About the Author:
ALAN SCHWARZ is the senior writer of Baseball America magazine, the host of "Baseball Today" on ESPN.com, and a regular contributor to the New York Times. His first book, The Numbers Game, was ESPNs 2004 Baseball Book of the Year. He is a frequent on-air guest analyst for ESPN, National Public Radios Talk of the Nation, and MSNBC.
Excerpt. © Reprinted by permission. All rights reserved.:
Introduction
The best part of being a baseball writer isn’t writing. It’s listening.
Any day I want, I can go to any ballpark, walk into the clubhouse, and talk with superstar and scrub alike about the games, the personalities, and the moments that all of us love to relive. Not just fans and writers. I’ve found that even though players are out there on the field performing, a part of them like Tom Sawyer is up in the balcony watching, appreciating the small role they’re playing in the timeline of this wonderful sport. Listen carefully and you’ll hear that they’re fans, too.
This book is designed to let you pull up a chair with us and with every turn of the page listen in as some of baseball’s greatest names recall their most personal memories. You’ll hear Ernie Banks describe the first time he was moved to say, Let’s play two!” Roger Clemens remembers how he beat a traffic jam to strike out 20 Seattle Mariners one night in 1986. Gaylord Perry takes us back to the first game he won with a spitball, and Derek Jeter remembers the moment he realized he wanted to be a big-league ballplayer. How did Cal Ripken feel when he was just a struggling rookie? What was going through Bobby Thomson’s mind before he hit the Shot Heard ’Round the World? What was it like for Terry Francona to be Michael Jordan’s baseball manager?
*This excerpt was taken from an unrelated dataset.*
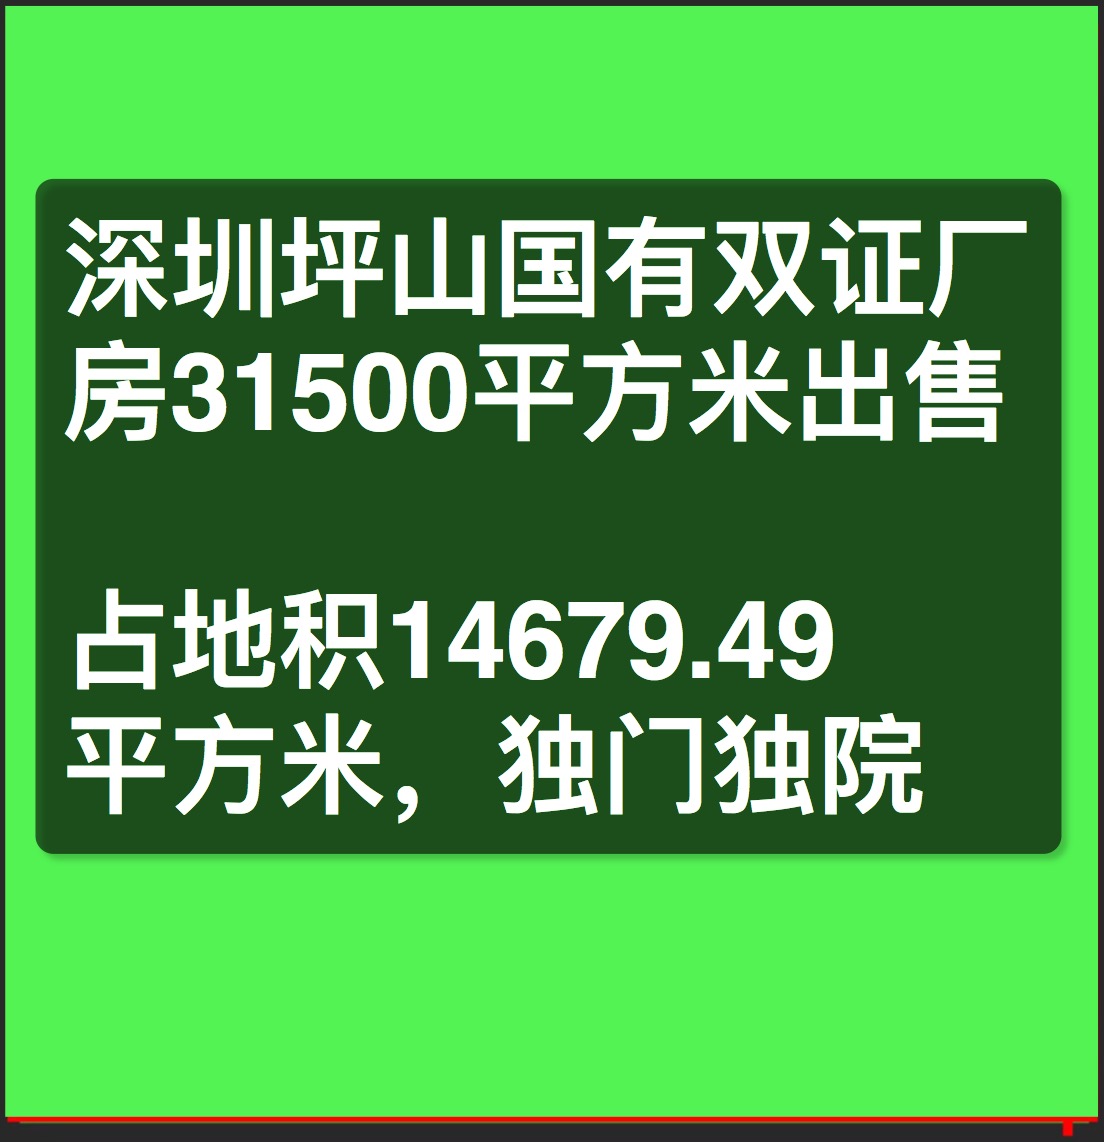 深圳坪山大工业区国有双证厂房31500平方米出售

Some of the best memories are from nonplayers Kevin Costner describes the making of Bull Durham and Field of Dreams, and Charles Schulz, the late Peanuts cartoonist, shares why poor ol’ Charlie Brown keeps losing games 40 0. George H.W. Bush takes us back to the day he shook hands with Babe Ruth. Every one of these vignettes comes from a personal interview with me except a few, from long-deceased players, which come straight from old, long-forgotten articles I unearthed. Babe Ruth on his first home run as a 6-year-old? Casey Stengel on his first day in the big leagues? Those are simply too much fun to leave out.
From Yogi Berra to Curt Schilling, Nolan Ryan to Pedro Martinez, you should feel as if you’re right there with me, listening to one great baseball storyteller after another. It’s one big Ozzie Smith backflip. Speaking of which, turn to page 132.